Do you have your students talking to themselves? I don’t mean that your students so are exasperated that they are hearing voices, but are they asking themselves questions that make them more effective learners. Trisha White, a Math Instructor, believes that students who struggle in math haven’t learned to ask themselves the right questions. Trisha says, “the question why may be my best tool for inspiring the kind of thinking that makes individuals better students and more competent professionals. Why forces the student to think about what is happening in the problem, and the question why will not allow the problem to be reduced to a series of memorized and meaningless steps and procedures.” She uses activities designed to get her students to ask themselves effective questions. One way is to give her students a fairly long equation to solve. After completing this problem, they find another class member who solved the equation in a different way. Sometimes they don’t have the same answer so they need to decide who is correct. If they got the correct answer, they can discuss what they did differently and why an equation can be solved in various ways. If they are incorrect they can analyze where their thinking went wrong and why a different strategy is better. She teaches her students to ask themselves, “Does my answer even make sense?” Trisha also asks concept questions on every homework assignment and test. Some concept questions are “Why do you add exponents when multiplying terms?” or “Why does multiplying by the LCD clear all the fractions in an equation?” The student’s answers are probably a better measure of understanding than a simple correct calculation.

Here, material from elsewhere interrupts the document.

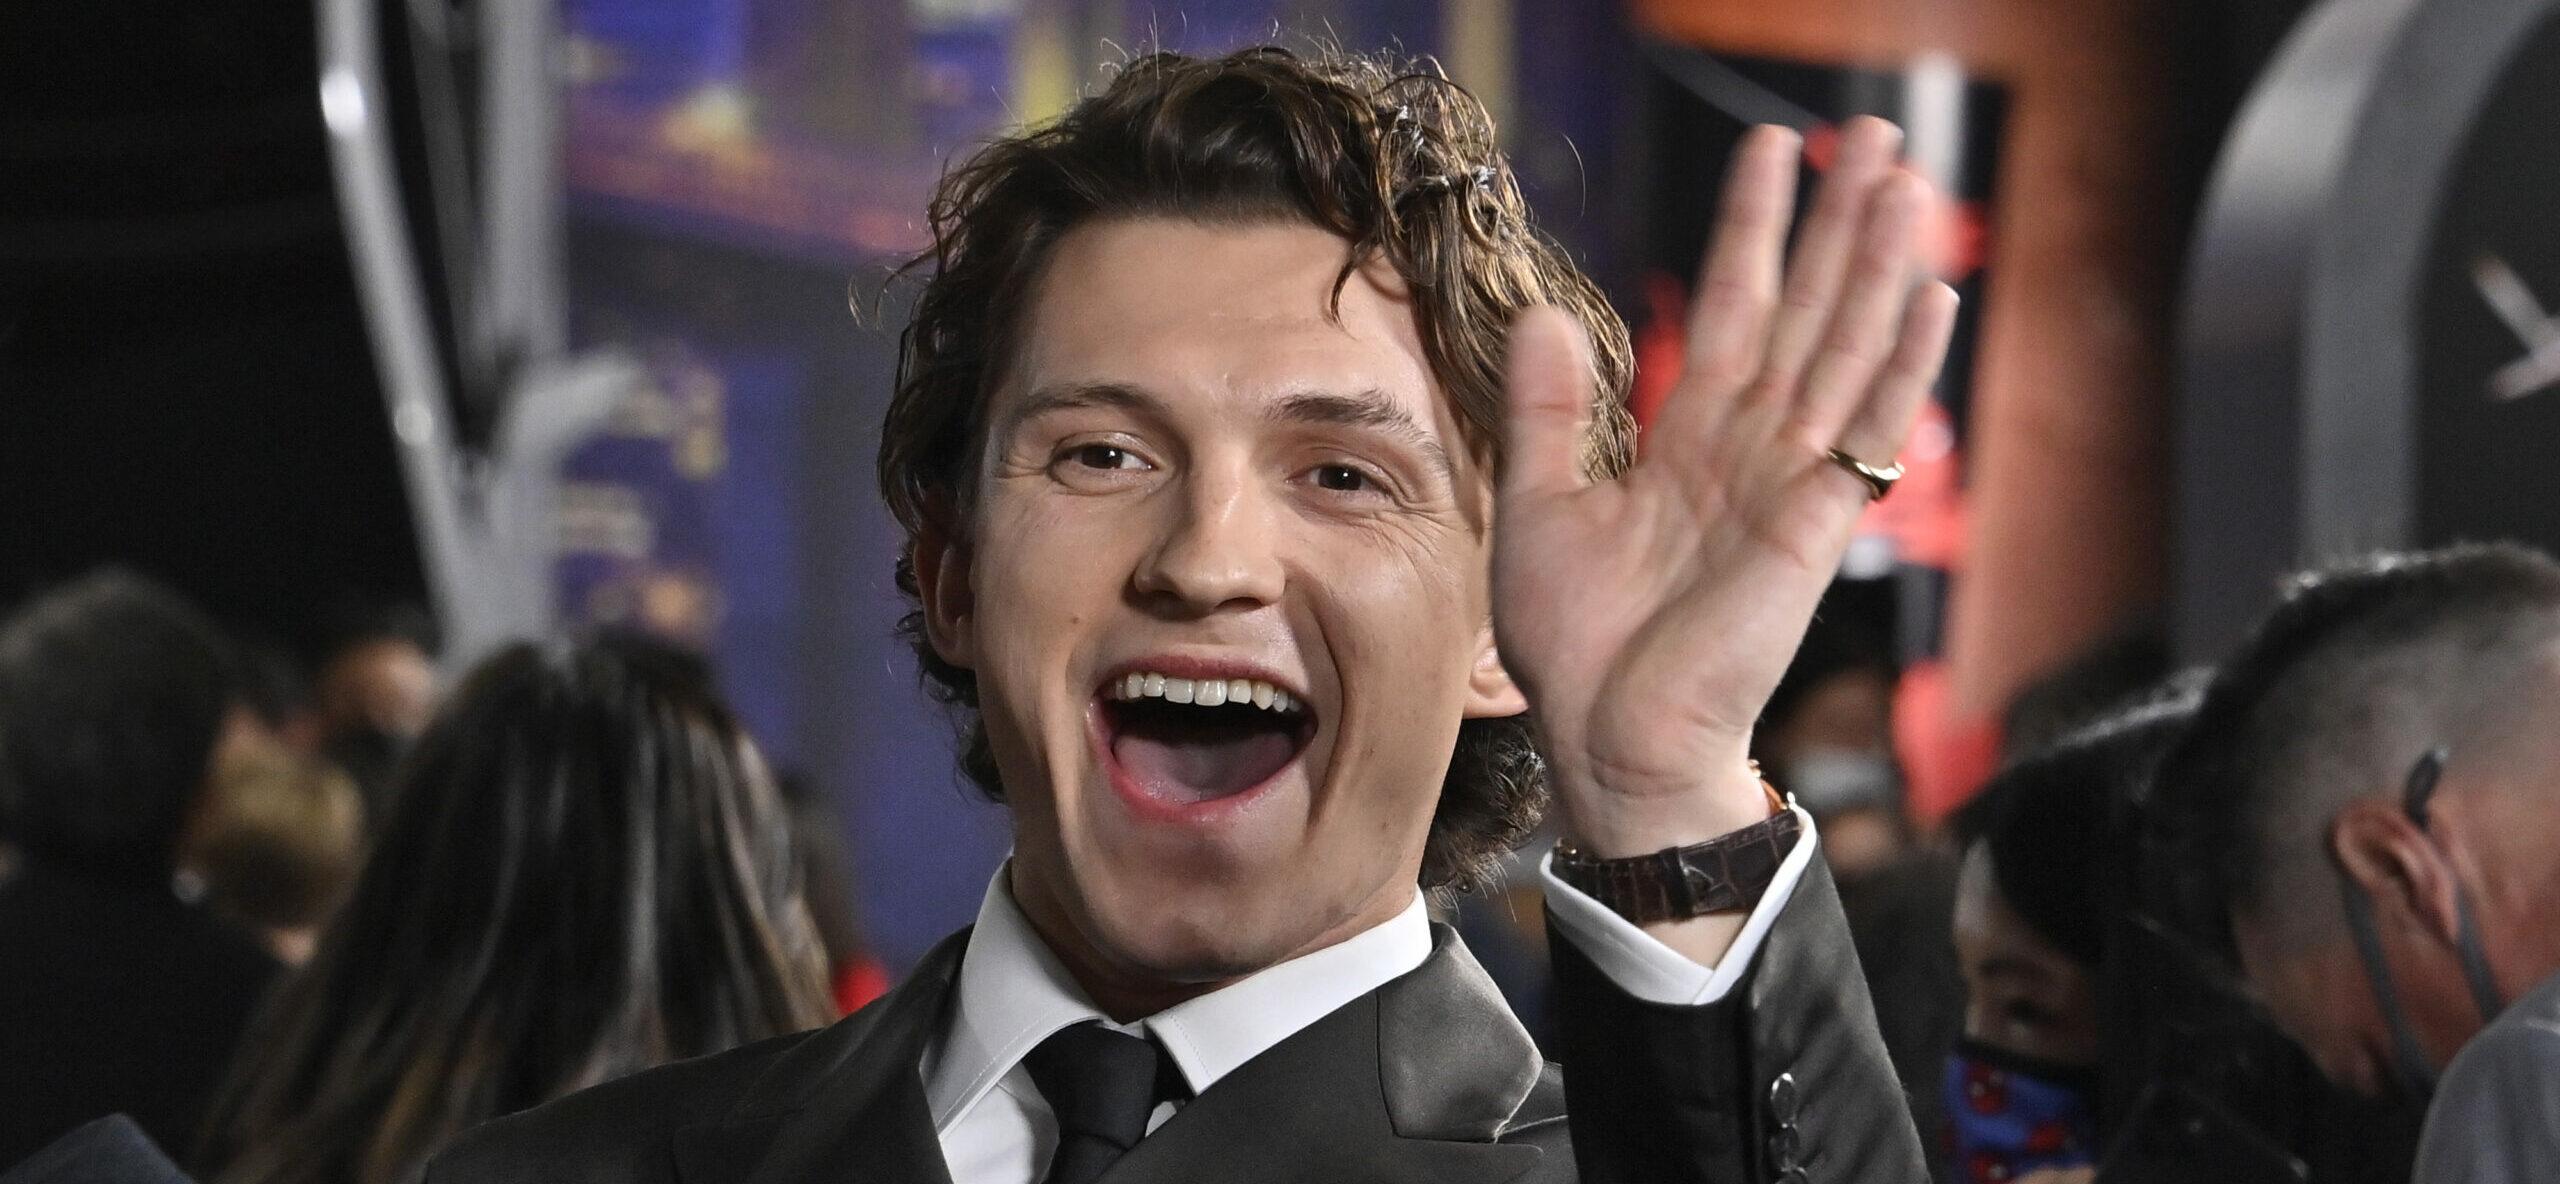 Tom Holland attends the premiere of the sci-fi motion picture

Getting our students to reflect on how they learn can help them become better learners. Michael Borich, an English Instructor, has his students write a brief, self-assessment essay half-way through the course in which they analyze their time management, study habits, and comprehension of the course material. He has his students ask themselves questions such as, “Have I developed annotative reading habits that help me stay focused?” and “Do I have a regular study time at home?” He asks them if their grade is what they expected and what specific steps they are taking to improve. He finds that having students articulate their thoughts helps them be more aware of both their ineffective and effective learning strategies.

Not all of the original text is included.